- Seyyed Mahalleh Location within Iran
- Coordinates: 36°41′54″N 51°06′09″E﻿ / ﻿36.69833°N 51.10250°E
- Country: Iran
- Province: Mazandaran
- County: Abbasabad
- District: Central
- Rural District: Langarud-e Sharqi

Population (2016)
- • Total: 1,005
- Time zone: UTC+3:30 (IRST)

= Seyyed Mahalleh, Abbasabad =

Village in Mazandaran province, Iran

Seyyed Mahalleh (سيدمحله) (Note: Also romanized as Seyyed Maḩalleh) is a village in, and the capital of, Langarud-e Sharqi Rural District (Note: Formerly Langarud Rural District) in the Central District of Abbasabad County, Mazandaran province, Iran.

==Demographics==
===Population===
At the time of the 2006 National Census, the village's population was 782 in 224 households, when it was in Langarud Rural District (Note: Renamed Langarud-e Sharqi Rural District) of the former Abbasabad District in Tonekabon County.
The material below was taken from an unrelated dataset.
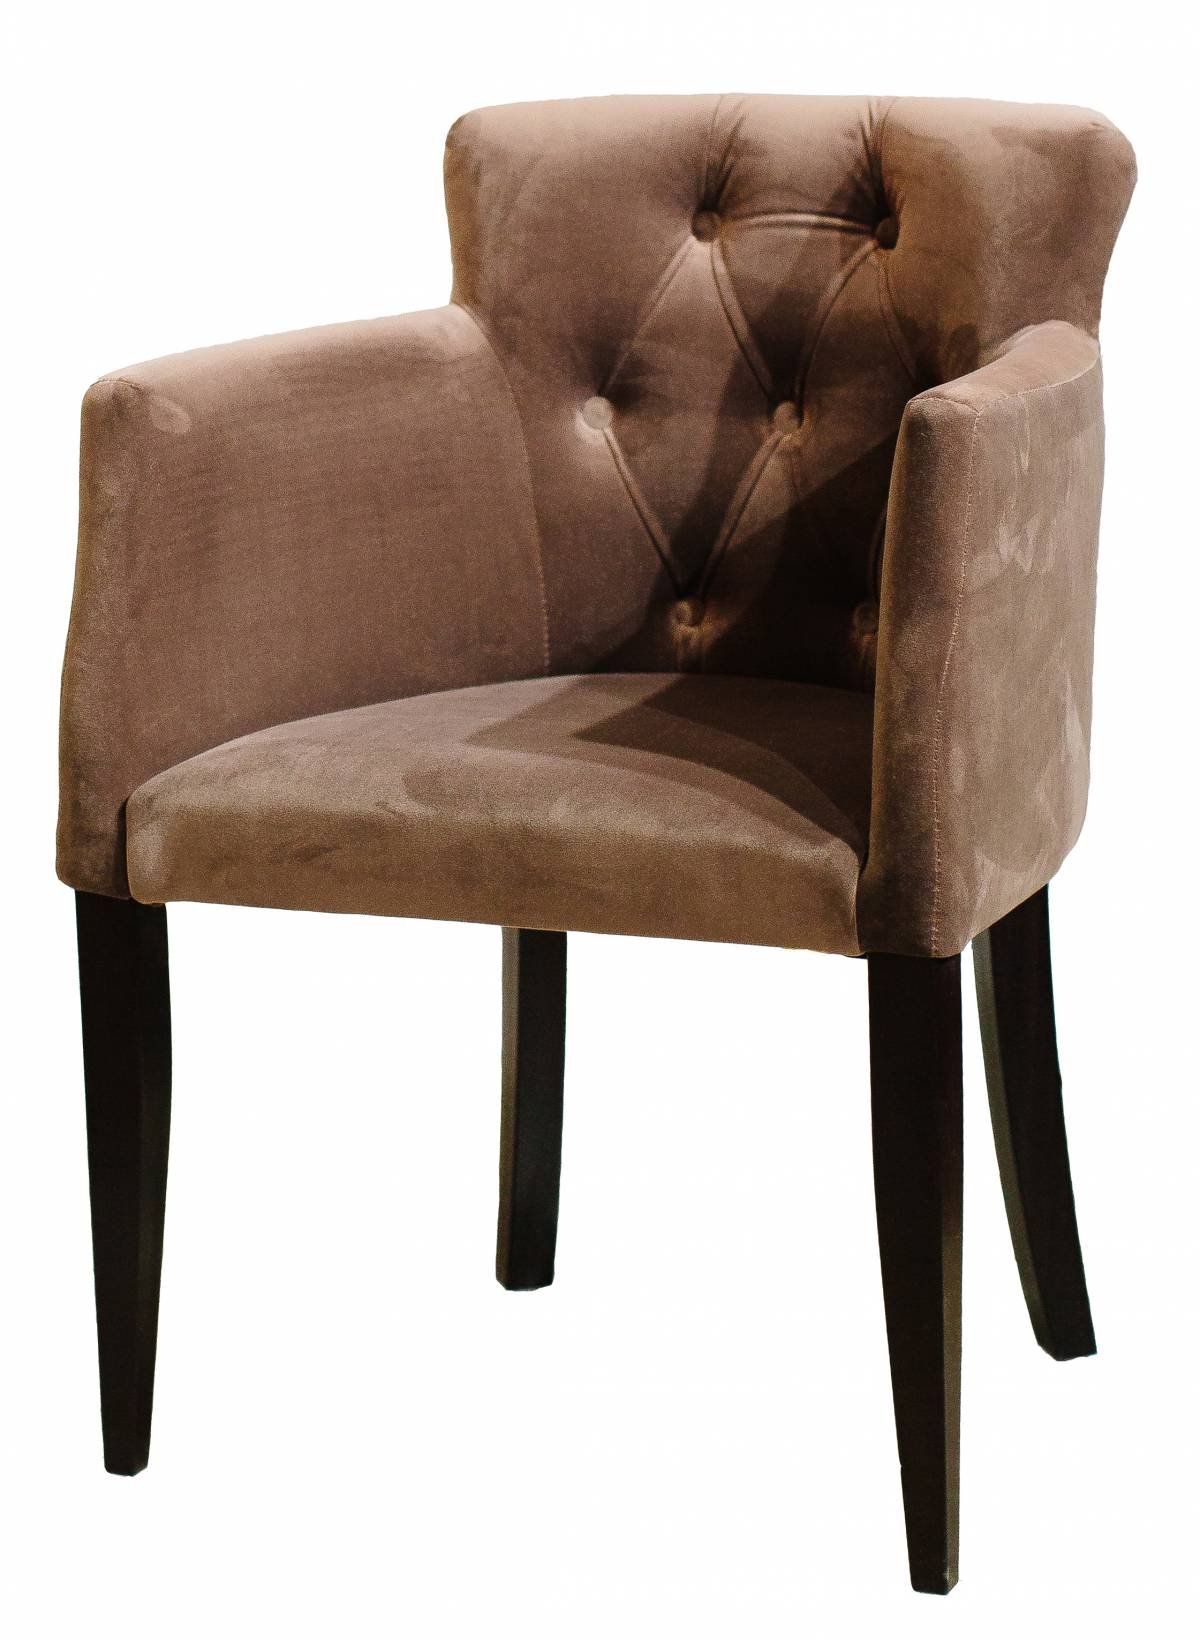 Купить кресло 591-А Алюр в Raroom

The following census in 2011 counted 951 people in 298 households, by which time the district had been separated from the county in the establishment of Abbasabad County. The rural district was transferred to the new Central District and renamed Langarud-e Sharqi Rural District. The 2016 census measured the population of the village as 1,005 people in 330 households.